FDP-Chef Lindner attackiert Schwarz-Rot
Bonn (dpa) - In Bonn hat die FDP ihre Strategie für den Europa-Wahlkampf festgelegt. Parteichef Lindner knöpft sich die große Koalition vor, die mit teurer Wohlfühlpolitik Deutschlands solides Ansehen in Europa verspiele.
Mit einer scharfen Abgrenzung von Schwarz-Rot will die FDP unter Christian Lindner im Europawahlkampf Boden gut machen. Lindner kritisierte am Sonntag auf einem Parteitag in Bonn, mit ihrer Gefälligkeitspolitik auf Pump verspielten Union und SPD Deutschlands Vorreiterrolle in Europa. Die Delegierten wählten Alexander Graf Lambsdorff mit gut 86 Prozent zum Spitzenkandidaten für die Europawahl Ende Mai.
Nach dem Scheitern bei der Bundestagswahl hofft die FDP, dass ihr bei der Abstimmung in Europa einsetzender Wählerfrust über die große Koalition in Berlin Rückenwind verschafft. Lindner beschwor die Partei in seiner Rede, Hauptgegner bei der Europawahl sei Schwarz-Rot, nicht die Euro-kritische AfD.
Die FDP wolle in Europa für flexiblere Arbeitsmärkte, mehr Marktwirtschaft und mehr Bürgernähe kämpfen: „Das braucht Europa. Und ich bin mir sicher, auch Europa braucht diese Liberalen“, sagte Lindner. Union und SPD würden mit ihren Sozialgeschenken die Stabilitätspolitik für Deutschland und den Euro verraten.

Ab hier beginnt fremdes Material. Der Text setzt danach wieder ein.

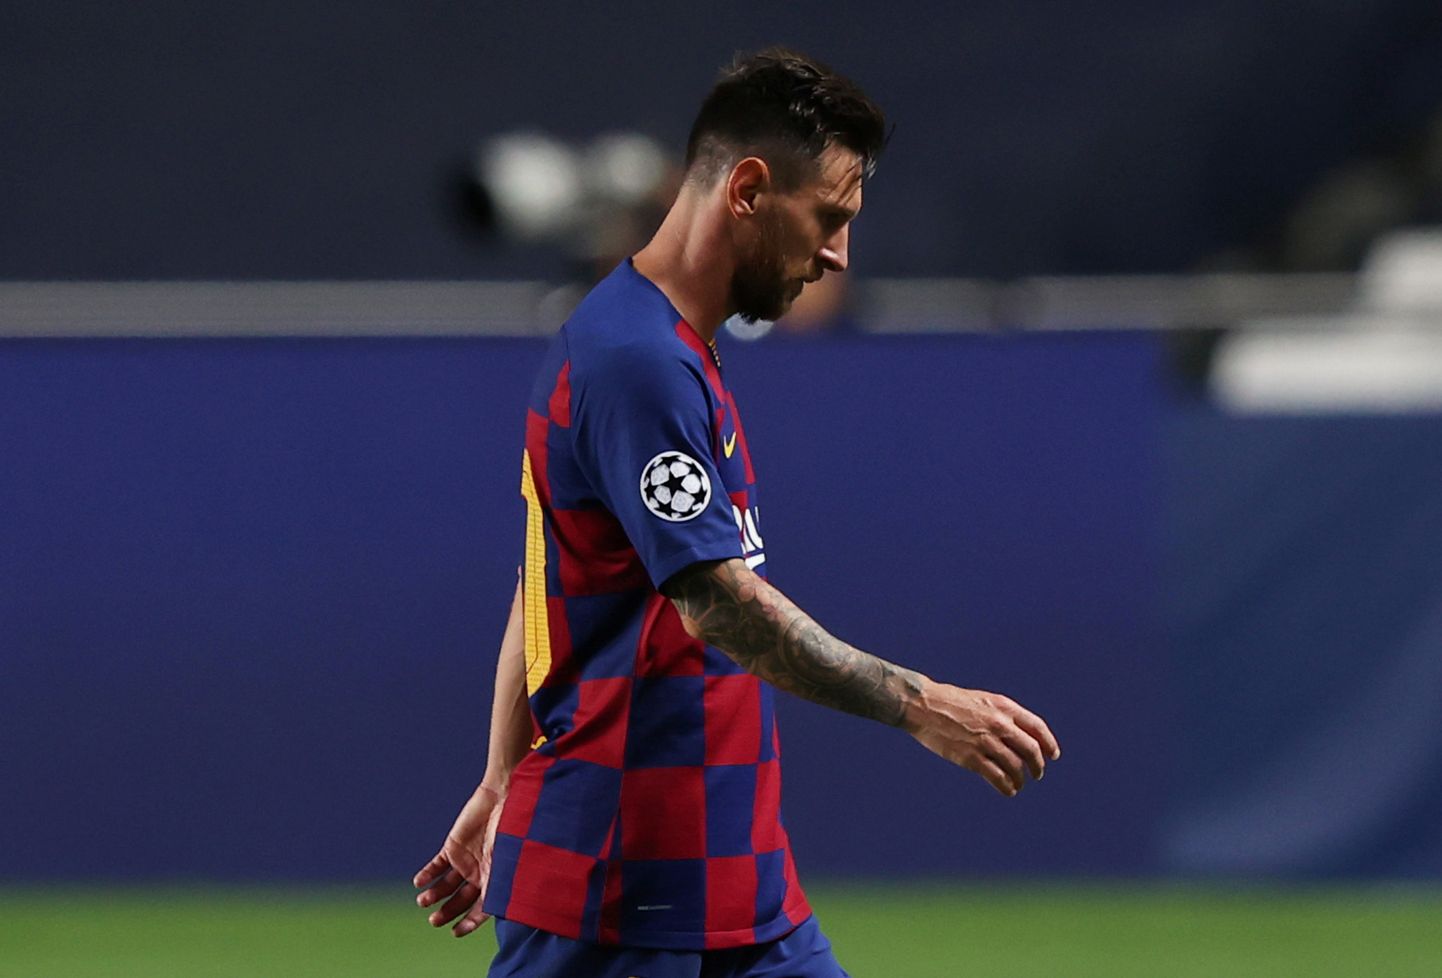 Kus jätkub Lionel Messi karjäär?
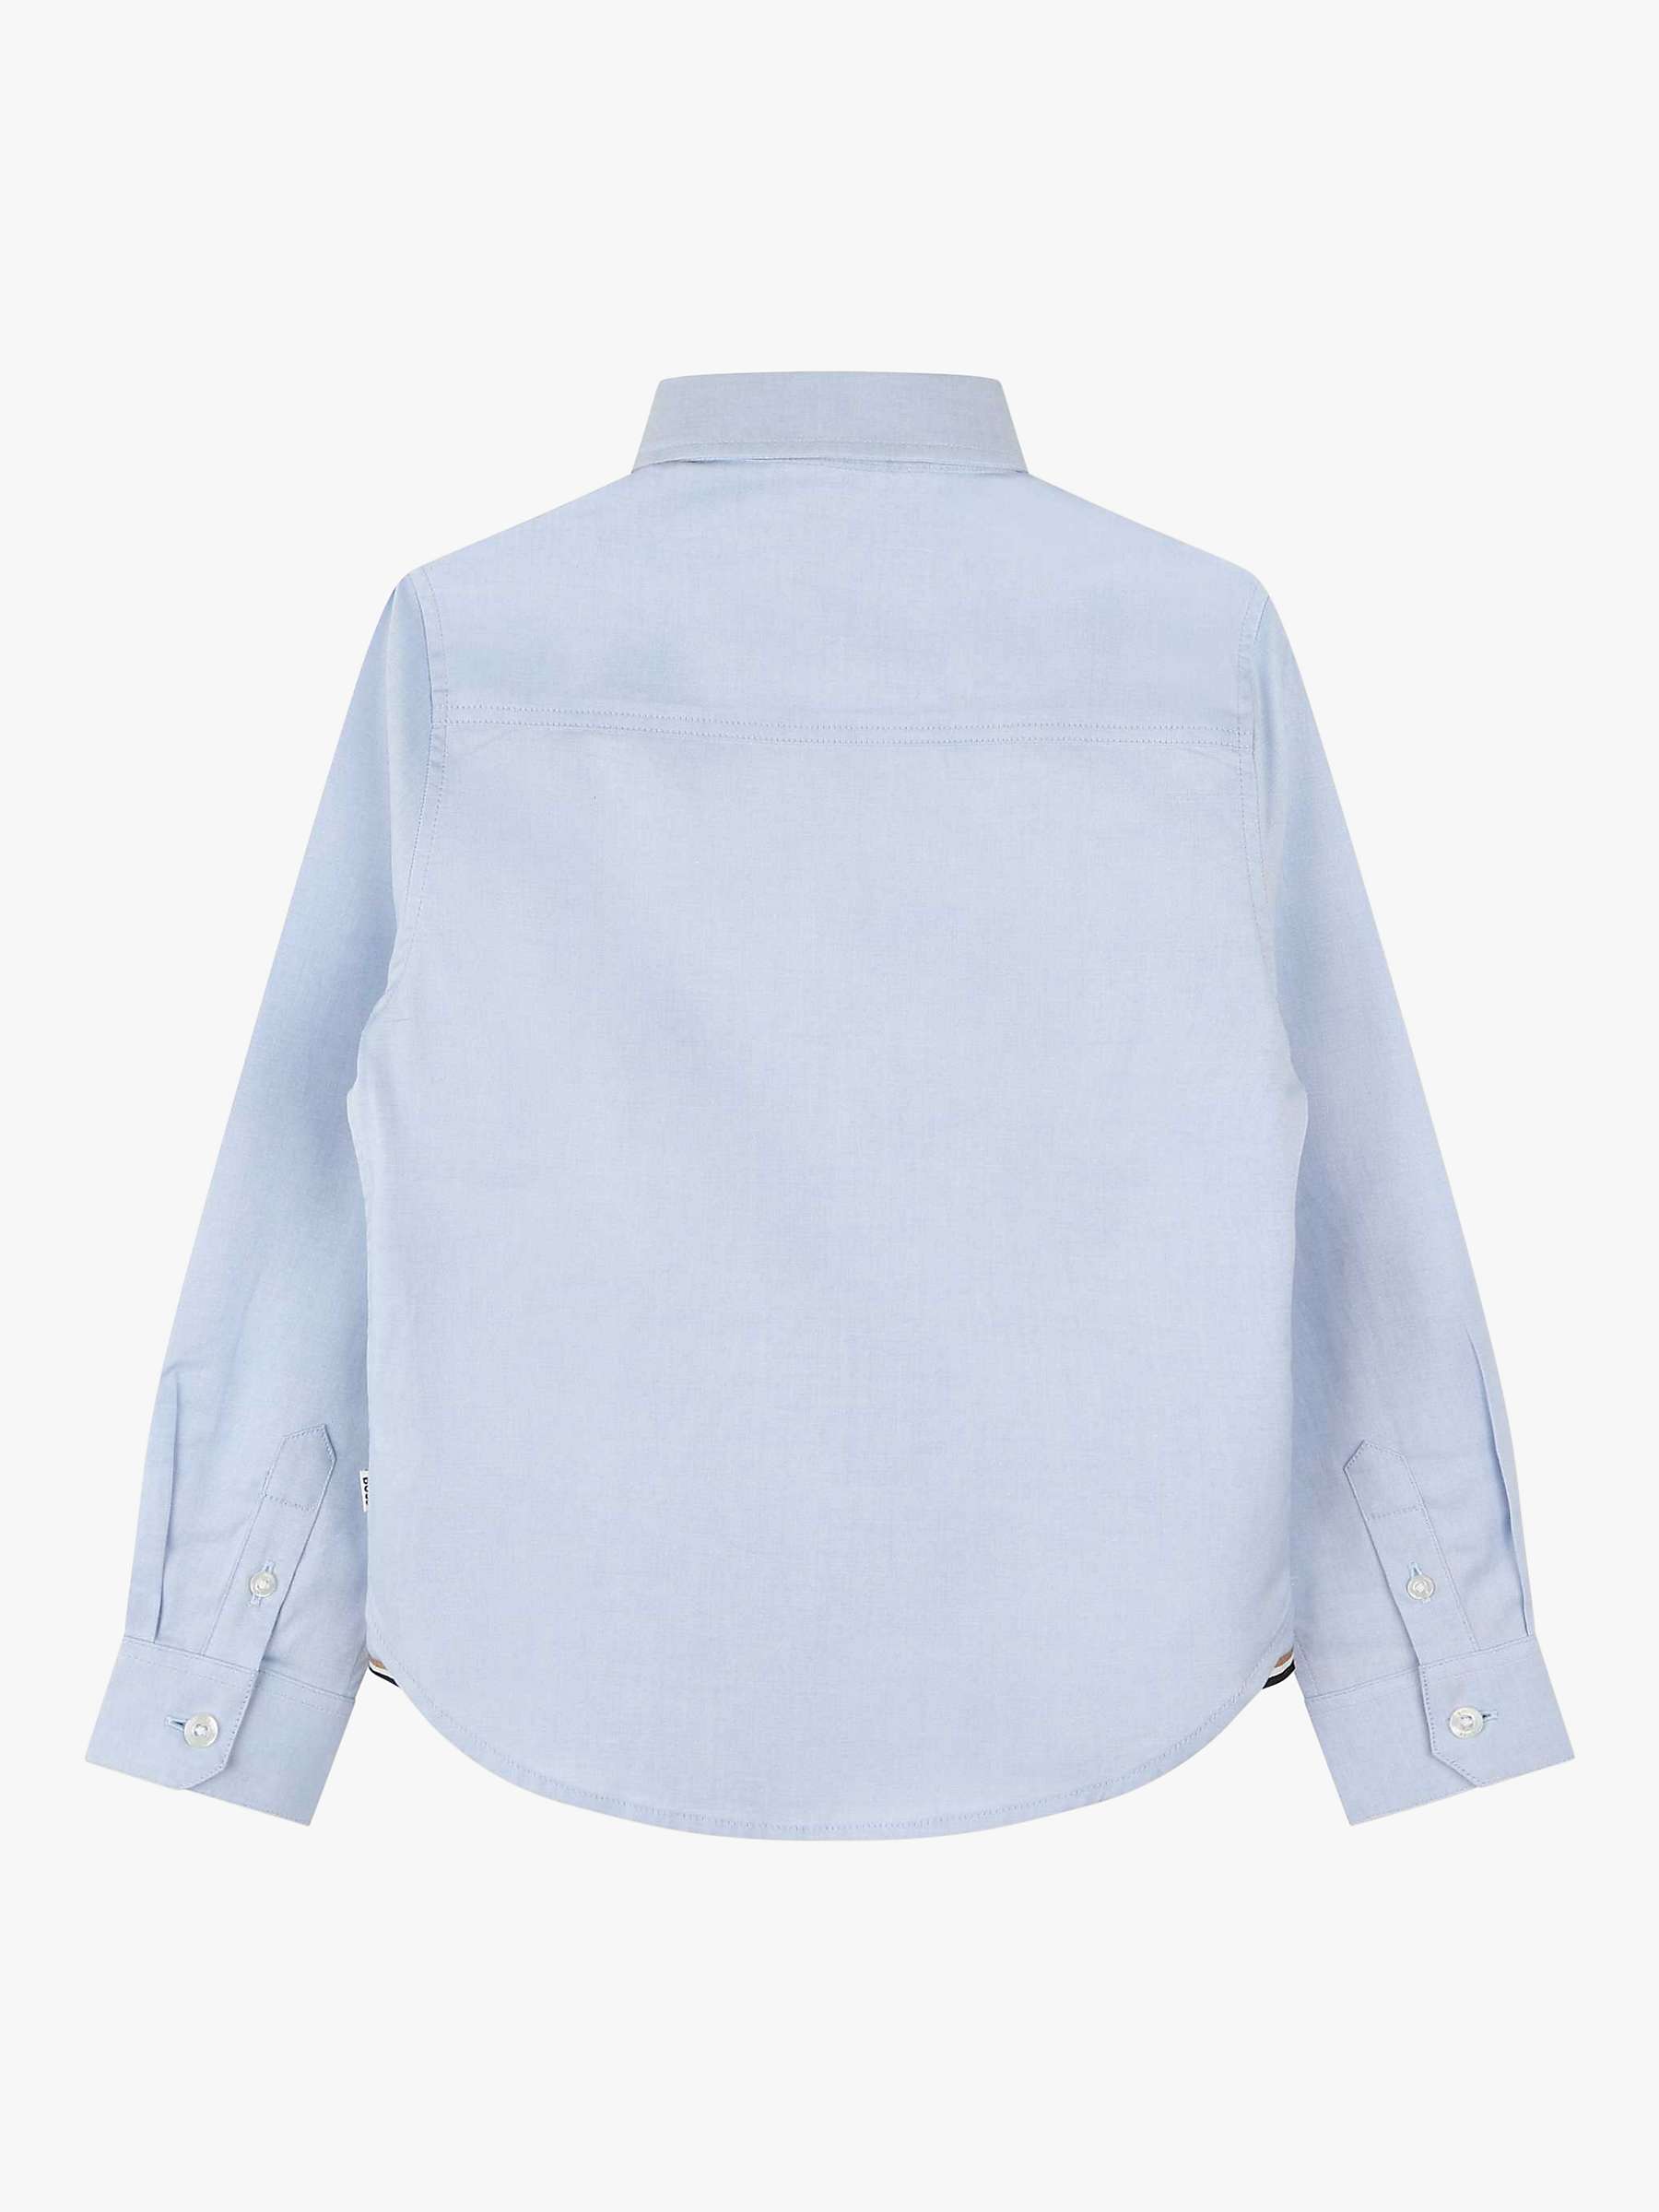 BOSS Kids' Oxford Long Sleeve Shirt, Light Blue at John Lewis & Partners

Der Parteitag sprach sich gegen die von der großen Koalition angestrebte Finanztransaktionssteuer aus, da sie bisher nur einige EU-Länder einführen wollten. Lindner kritisierte zudem die derzeitigen Pläne für eine Bankenunion. Wenn Länder für die Geschäfte der Banken eines anderen Landes mitverantwortlich seien, bedeute dies die „Transferunion durch die Hintertür“.
Der Europa-Parlamentarier Alexander Graf Lambsdorff ist ein Neffe des 2009 gestorbenen, früheren FDP-Chefs und Wirtschaftsministers Otto Graf Lambsdorff. Der 47-Jährige ist gelernter Diplomat, ließ aber in seiner Rede erkennen, dass er entsprechend der Vorgabe Lindners liberale Wirtschaftspolitik ins Zentrum seines Wahlkampfs stellen will.
Zudem plädierte Lambsdorff dafür, das SWIFT-Abkommen mit den USA über den Austausch von Bankdaten auszusetzen, um im Gegenzug ein amerikanisch-europäisches Abkommen über den Datenschutz zu erreichen.
Lindner warf Union und SPD vor, die Sozialkassen für Rentengeschenke zu plündern. Nach 2017 drohten dann neue Schulden und damit Steuererhöhungen. „Das ist der Wortbruch der Union mit Ansage“, rief Lindner und kritisierte: „Was für ein Signal nach Europa.“
Während Frankreichs sozialistischer Präsident François Hollande inzwischen auf den Kurs der deutschen Marktwirtschaft einschwenke, verlasse Schwarz-Rot diesen erfolgreichen Kurs. „In der gleichen Sekunde, wo Frankreich liberaler wird, wird Deutschland französischer“, meinte Lindner.
Vor fünf Jahren hatte die FDP bei der Europawahl, bei der in Deutschland eine Drei-Prozent-Hürde gilt, ein Traumergebnis von 11 Prozent erreicht. Jetzt wäre Parteivize Wolfgang Kubicki schon mit mehr als fünf Prozent zufrieden. Lindner hat bislang noch kein offizielles Wahlziel ausgegeben.
Der 35-jährige Hoffnungsträger unterstrich, dass die FDP eine Partei mit klarer europäischer Identität bleibe und nicht nach rechts drifte. Die AfD sei eine „rückwärtsgewandte Truppe“, die Europa überhaupt nicht gestalten wolle. Der ehemalige Industriepräsident Hans-Olaf Henkel werde der AfD als Zugpferd nichts bringen: „Jede Tasse hat 'nen Henkel. Auch die trüben“, meinte Lindner.
In der Energiepolitik warb er für eine europäische Energiewende. In acht europäischen Ländern sei die Stromversorgung noch in staatlicher Hand, und damit bei der Preisbildung unflexibel. Bundeswirtschaftsminister Sigmar Gabriel (SPD) habe mit seinem Konzept einige positive Gedanken vorgelegt, anderes sei noch nicht durchdacht, sagte Lindner, ohne genauere Angaben zu machen.